The FIFRA–FFDCA Regulatory Link You Cannot Ignore
FIFRA governs pesticide registration — the authorization to sell and use a pesticide product in the United States. FFDCA governs pesticide tolerances — the allowable residue levels in food. These two statutes are deeply interconnected.
Under FIFRA Section 3(g), EPA is required to conduct periodic registration reviews for all registered pesticides. The review cycle is set at every 15 years. As of 2025, EPA had initiated or completed registration review for more than 700 pesticide cases covering thousands of active ingredients and registered products.
During registration review, EPA evaluates: - Updated toxicological data - Revised dietary exposure assessments - New epidemiological or ecological evidence - Changes in use patterns - Cumulative and aggregate risk considerations
When registration review reveals that existing tolerances no longer meet the FFDCA safety standard — or that tolerances need modification to reflect new use patterns, updated risk assessments, or changes to the pesticide's registered uses — EPA finalizes tolerance actions as a direct implementation of those review decisions.
The February 27, 2026, rule (FR Doc. 2026-03942) is precisely that mechanism in action. EPA is finalizing tolerance modifications determined to be necessary or appropriate based on completed registration review decisions.
What the February 2026 Rule Changes
The 2026-03942 rulemaking finalizes multiple pesticide tolerance actions simultaneously. This is consistent with EPA's practice of bundling registration-review-driven tolerance actions into omnibus rulemaking packages for efficiency.
Among the pesticides addressed, maleic hydrazide is specifically identified in the rule title. Maleic hydrazide is a plant growth regulator used on potatoes, onions, tobacco, and other crops to suppress sprouting. It has an established tolerance framework covering food and feed commodities.

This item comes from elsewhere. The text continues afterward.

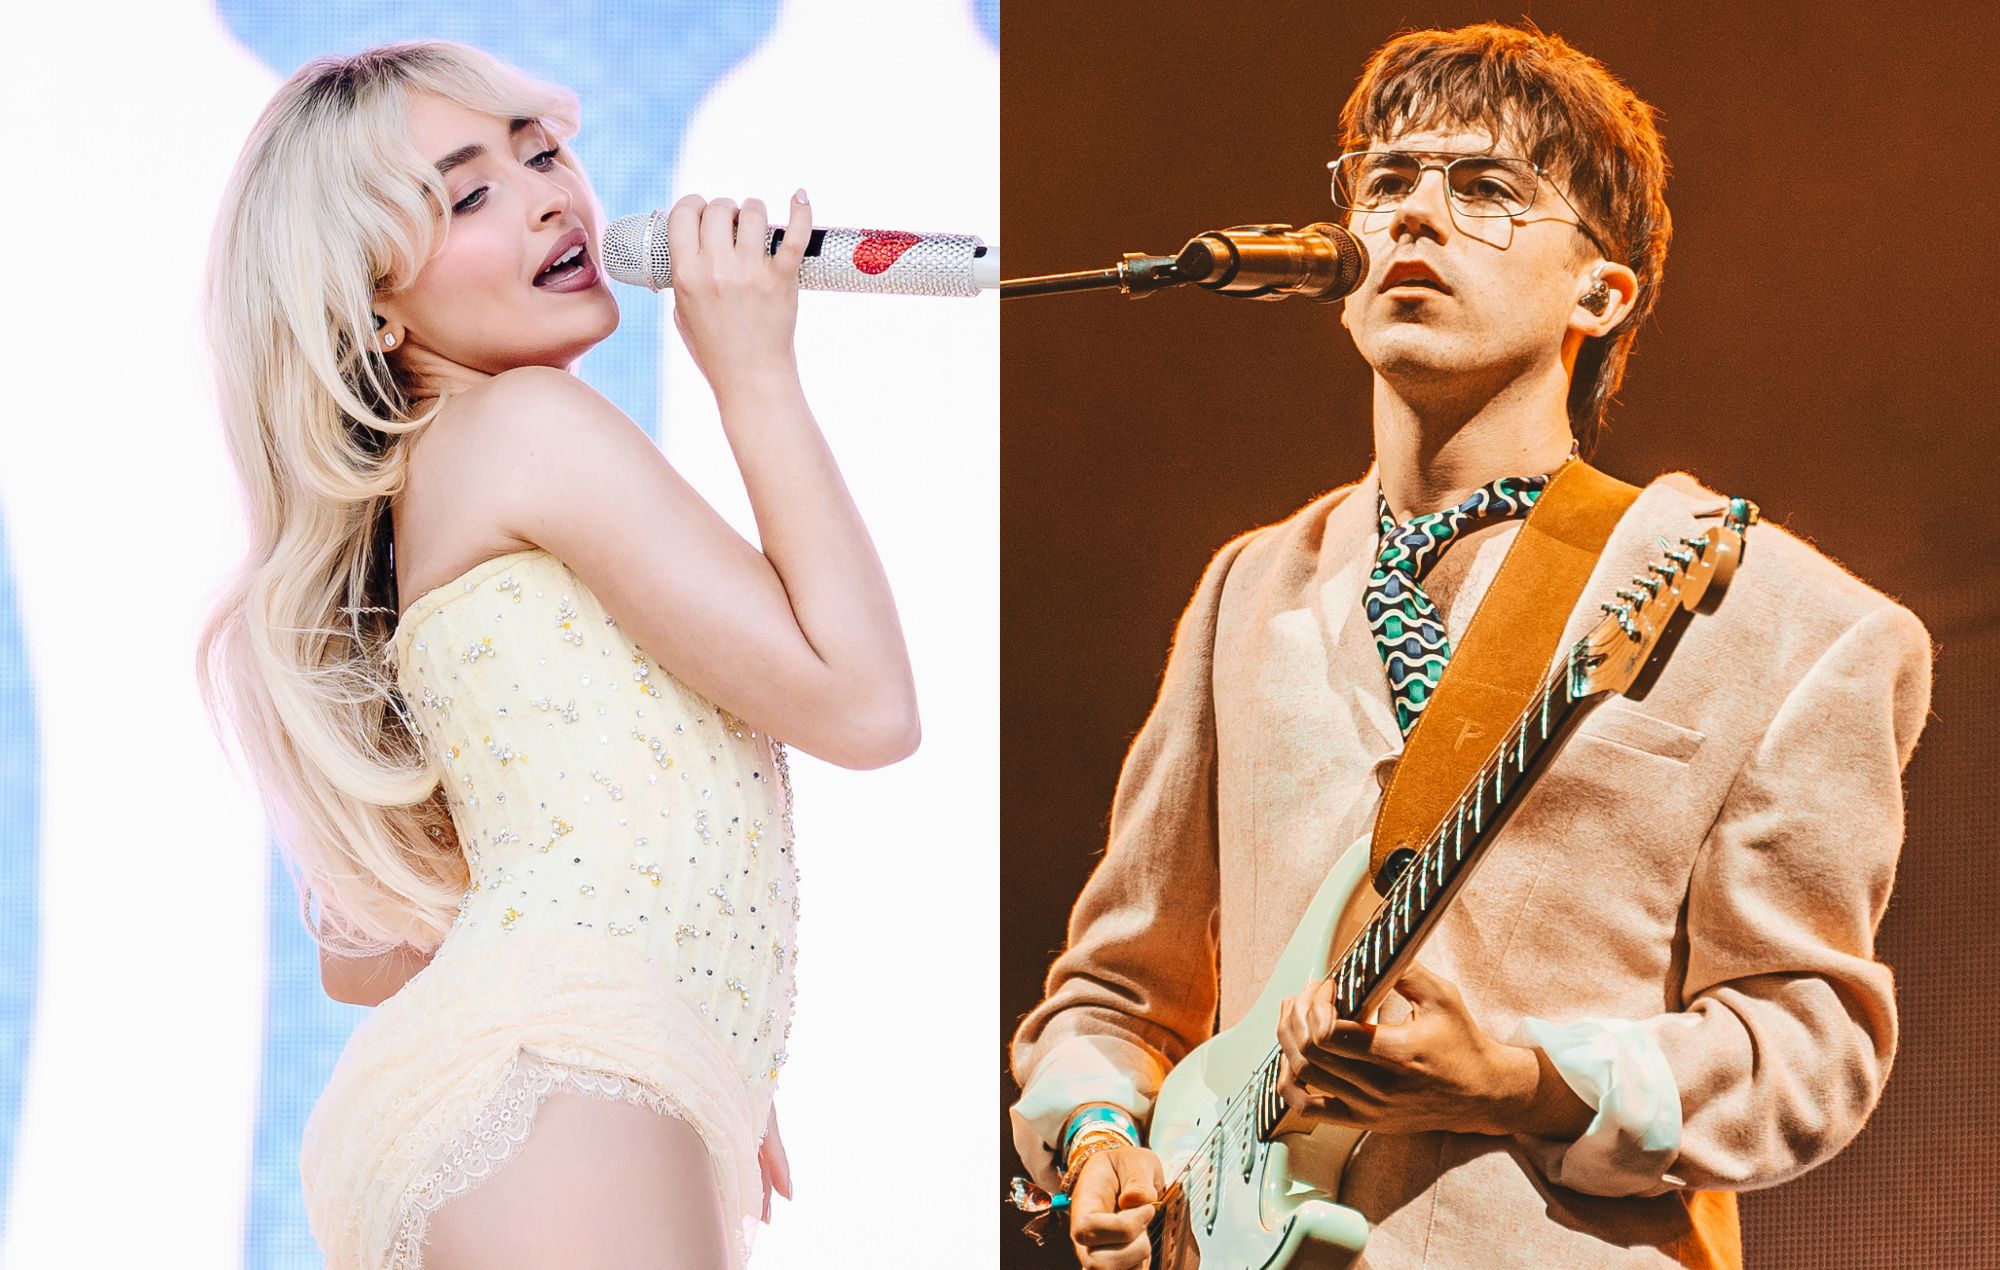 Declan McKenna at Glastonbury on touring with Sabrina Carpenter: “It could wind up being something special”

Key categories of tolerance action that EPA may finalize in this type of rulemaking include:
| Action Type | What It Means | Compliance Impact |
|---|---|---|
| Tolerance establishment | New MRL created for a commodity/pesticide combination | Permits new uses; monitor for label alignment |
| Tolerance modification (increase) | Existing MRL raised | May reflect revised risk assessment or new use data |
| Tolerance modification (decrease) | Existing MRL lowered | Requires tighter residue management; potential rejection risk |
| Tolerance revocation | MRL eliminated entirely | Residues at any level render food adulterated |
| Tolerance exemption | No tolerance required for low-risk uses | Reduces compliance burden for certain applications |
For compliance purposes, tolerance revocations and decreases carry the highest near-term risk. If your supply chain includes commodities previously produced under a higher tolerance — or under a use that is now revoked — you must act before residues from prior applications reach commerce.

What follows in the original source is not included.